Dear Evan Hansen

Okay, so, you know when you put something off when you think it'll mean a lot to you? Like, a book, song, album or something? You're putting it off because you think, well, there could be a time in my life when I need to discover this, more than I do now? What if it doesn't hit me as hard as it should? ...or is it just me?

Yes, I'm sorry to the Dear Evan Hansen fans out there, sorry if I insulted you somehow. I was putting Dear Evan Hansen off. The only musicals I'd really paid attention to were Hamilton, kinda Six and Legally Blonde, which I'm doing as my school musical this year (it is underrated by the way). I knew there are so many more musicals out there, and within my last week of school holidays I came up with the brilliant idea to actually give them a go! *facepalm*...

You Will Be Found... that song hit me hard. 

And after I finished listening to it, I realised that it was right. The song itself, the musical, found me. Not entirely, but I realised... maybe I'm not a crazy drama queen that deserved to lose a friendship over asking for help? Maybe we're not living in a world where you have to have been hurt to acknowledge the hurt?

And some of us are socially anxious, or have some other sort of anxiety disorder, which is a curse. Even shyness, a personality trait, can be a curse.

Why? Because there’s nothing we can do about the fact that we're stuck in some kind of paradox where we don't ask for help because we need help.

And sometimes we ask for help. And sometimes this results in people who we thought we could trust belittling us and our problems and then we apologise and never ask for help again. Say "I'm fine" when we're not really.

But you see, this only tightens the spiral. Because the more that we need help, need support, the less that we ask for it. Why? Because last time we asked for help, we were metaphorically slapped in the face by a person we thought loved us. Who we loved.

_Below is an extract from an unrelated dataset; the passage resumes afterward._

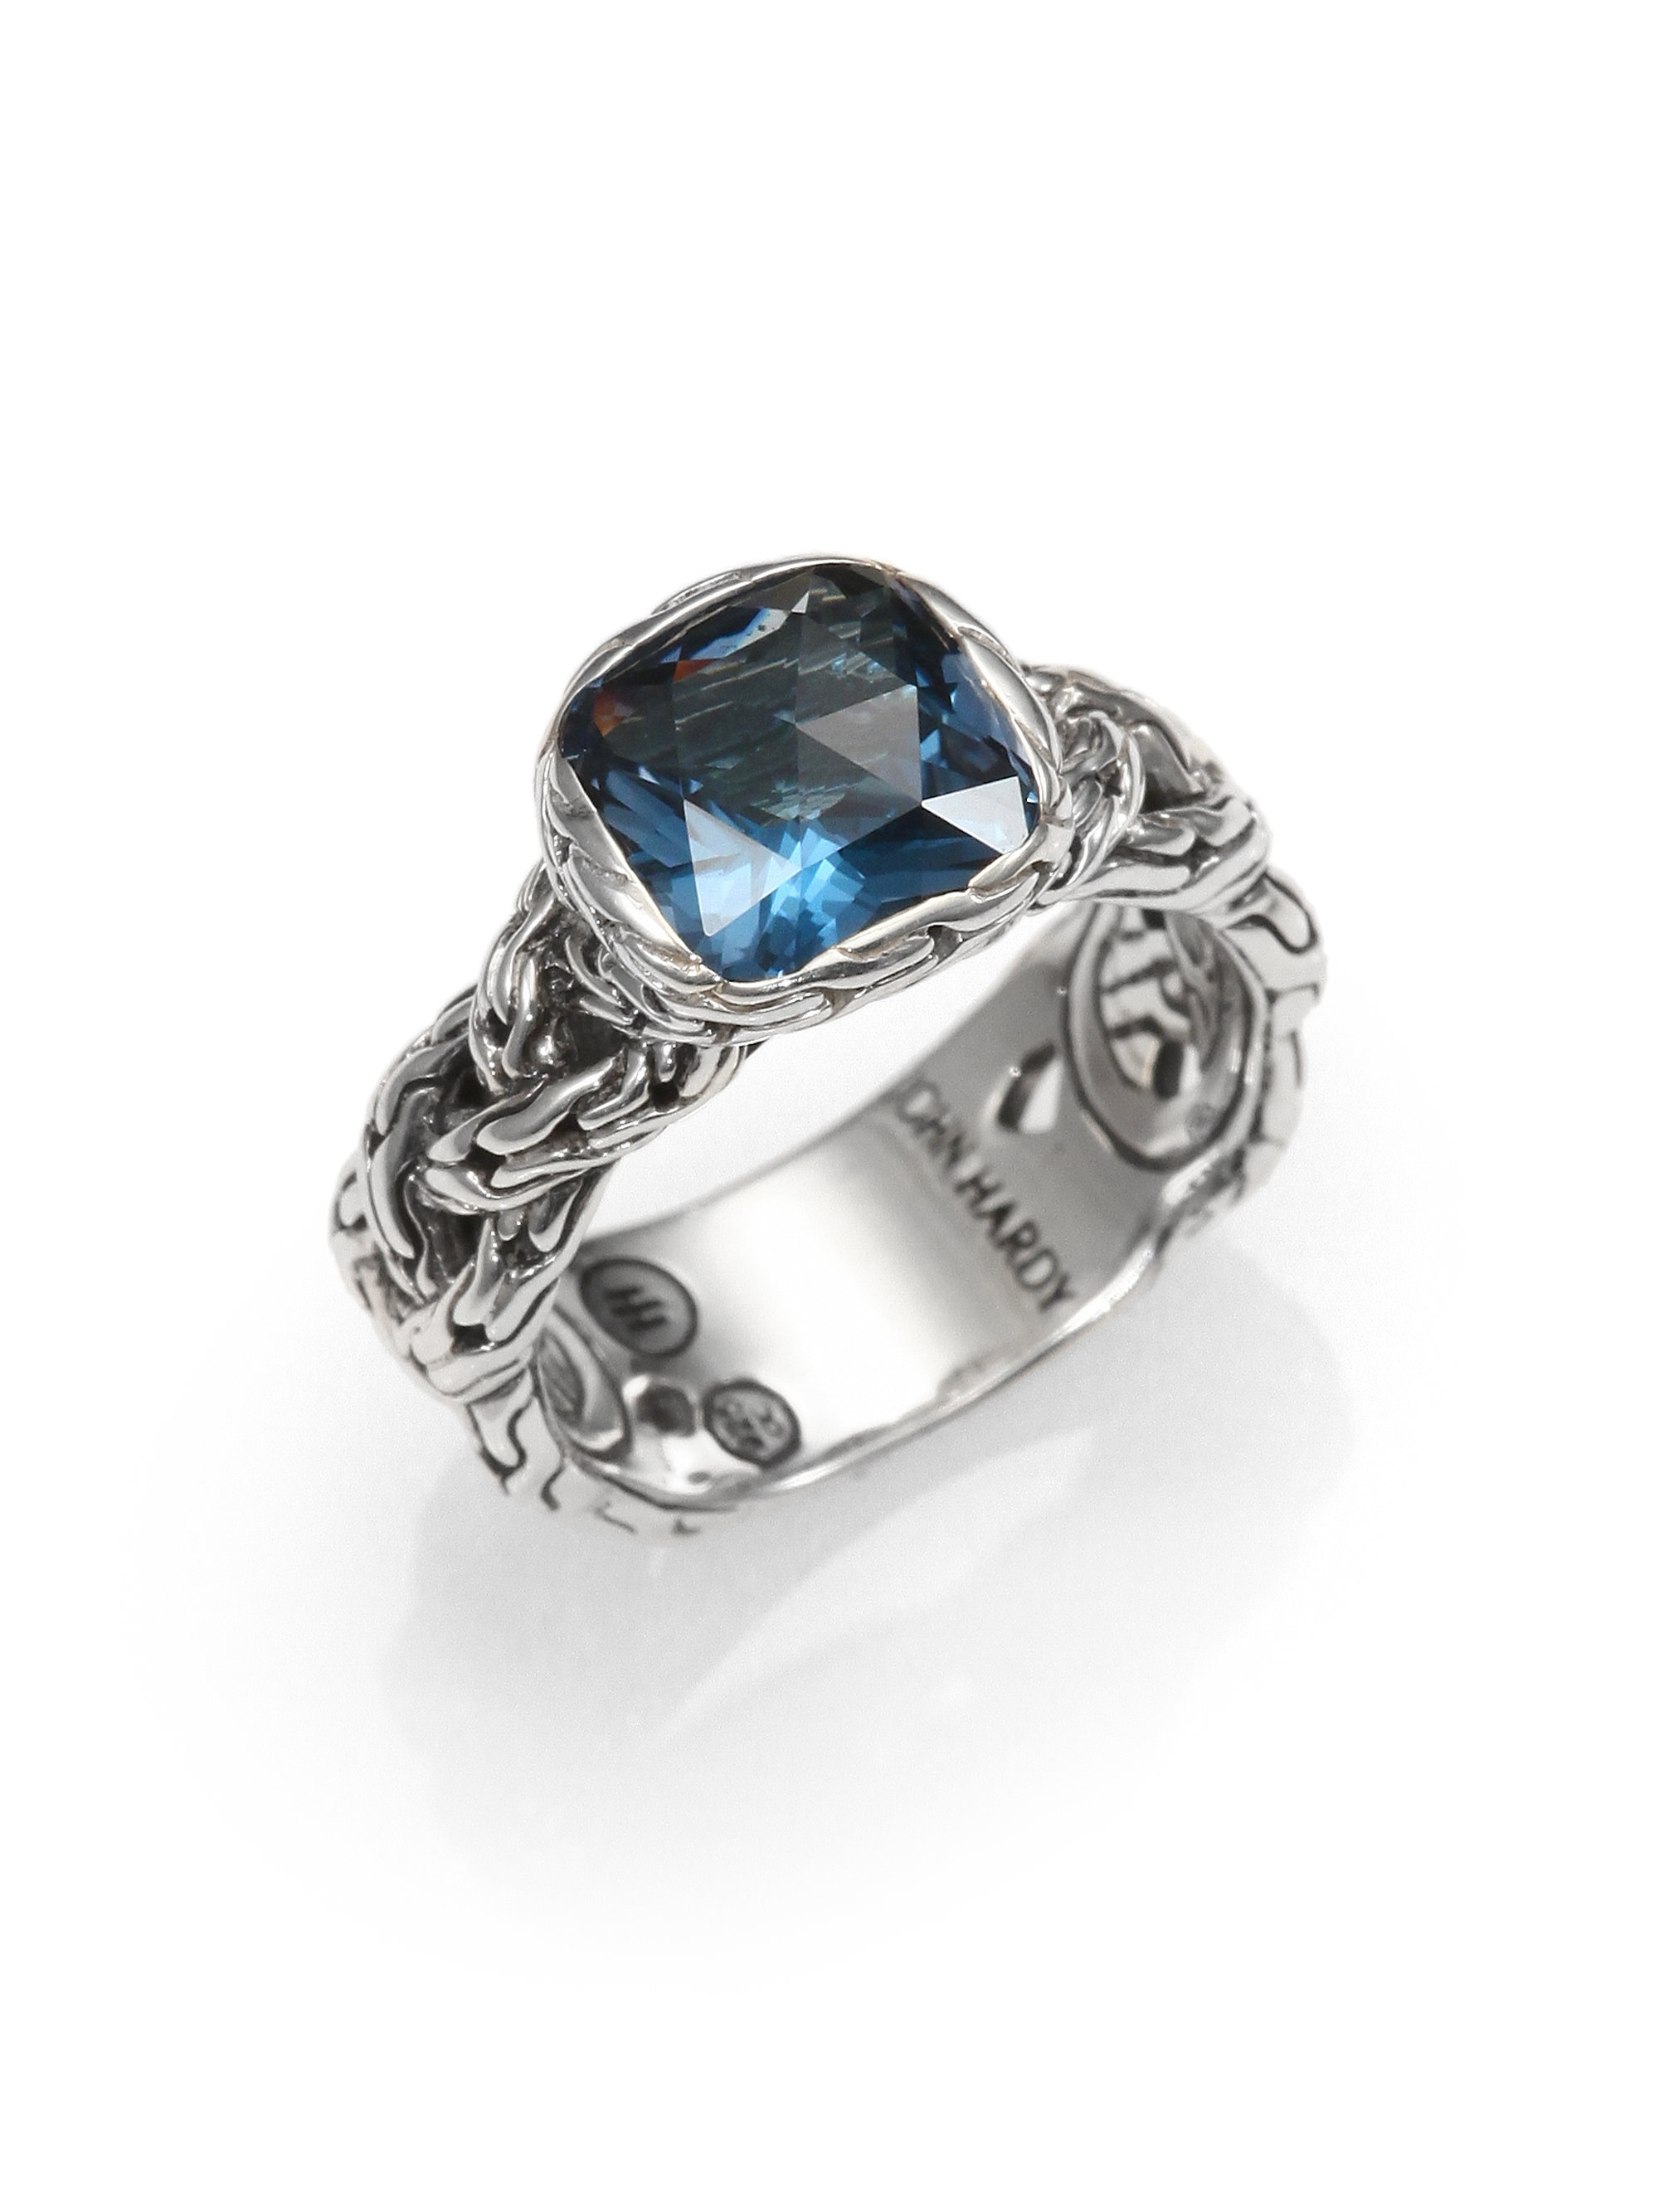 Sterling silver blue topaz rings - ulsdnorth

And we don't even get the "privilege" of saying we have an anxiety disorder, because we were too scared to go get diagnosed. And we don't want to look like we've joined the group of the "I'm OCD" people, the "That gives me anxiety" people. The hypocrites. So we say that we're fine.

And we even wonder, do I have a real mental illness, or am I just crazy?

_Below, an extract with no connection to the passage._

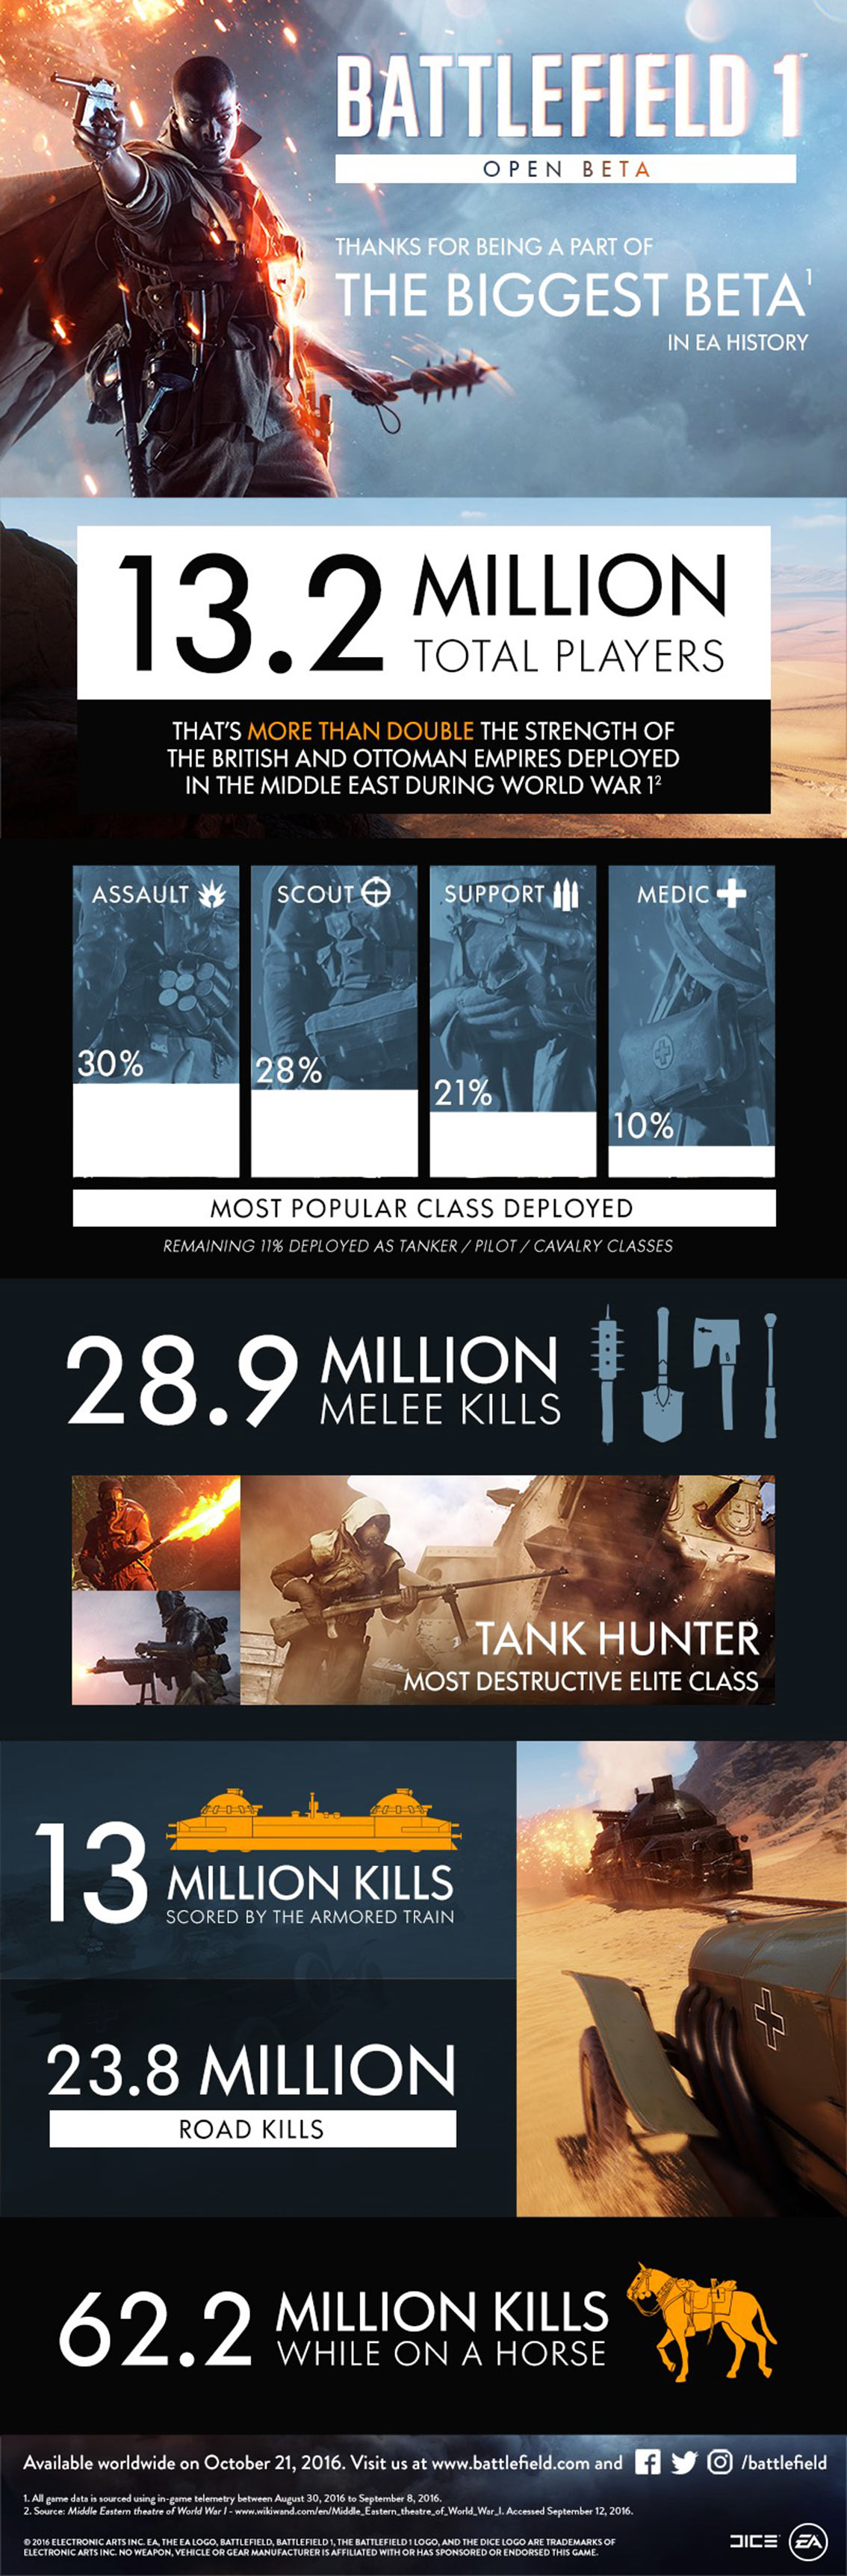 Battlefield 1 Open Beta - Video Game Infographic

Dear Evan Hansen is a message to everyone, everyone, everyone, that mental illnesses, grief and genuine unhappiness are real things. That they can be debilitating, can destroy so many people's lives, can end some people's lives. But as there are millions around the world calling out for help, millions sinking and drowning, even more people don't understand. Because people will laugh when their mate makes a joke, and there are no consequences. People get serious illnesses mixed up with personality traits, and nobody corrects them. And before kids hit their teens, they have learnt that it's okay to throw terms around with these false definitions as context. Meanwhile the people who are slowly dying inside are within a strange state of mind where they believe that people will hate them if they confess they have something "wrong" with them, that it's a crime.

Many people are battling with what looks like themselves from the outside, but what they're fighting is actually a type of plague. A lot of people compare these things with things like cancer or a broken arm (on the topic of Dear Evan Hansen). People say that, for example, if a person with a broken arm and a person with, say, generalised anxiety disorder (GAD) were sitting side by side, so many people would say, "Hm, what's wrong with that person? I don't see anything." and go to help the person with the broken arm. Even if they already were healing. (I don't know if that made sense. Sorry.)

I wish I could do something to raise awareness for and reduce the stigma around mental illnesses. I'm definitely not an expert on all of these, but I do know that some in many cases they are compared with living hell. Still it seems like nobody understands. It seems like we're making a problem seem bigger than it is, when we're really trying to cram all the pain into an Olympic pool size. That's the problem with invisible pain, usually the only person who can feel it all is the one experiencing it, so other people don't know it's there. And other people don't care.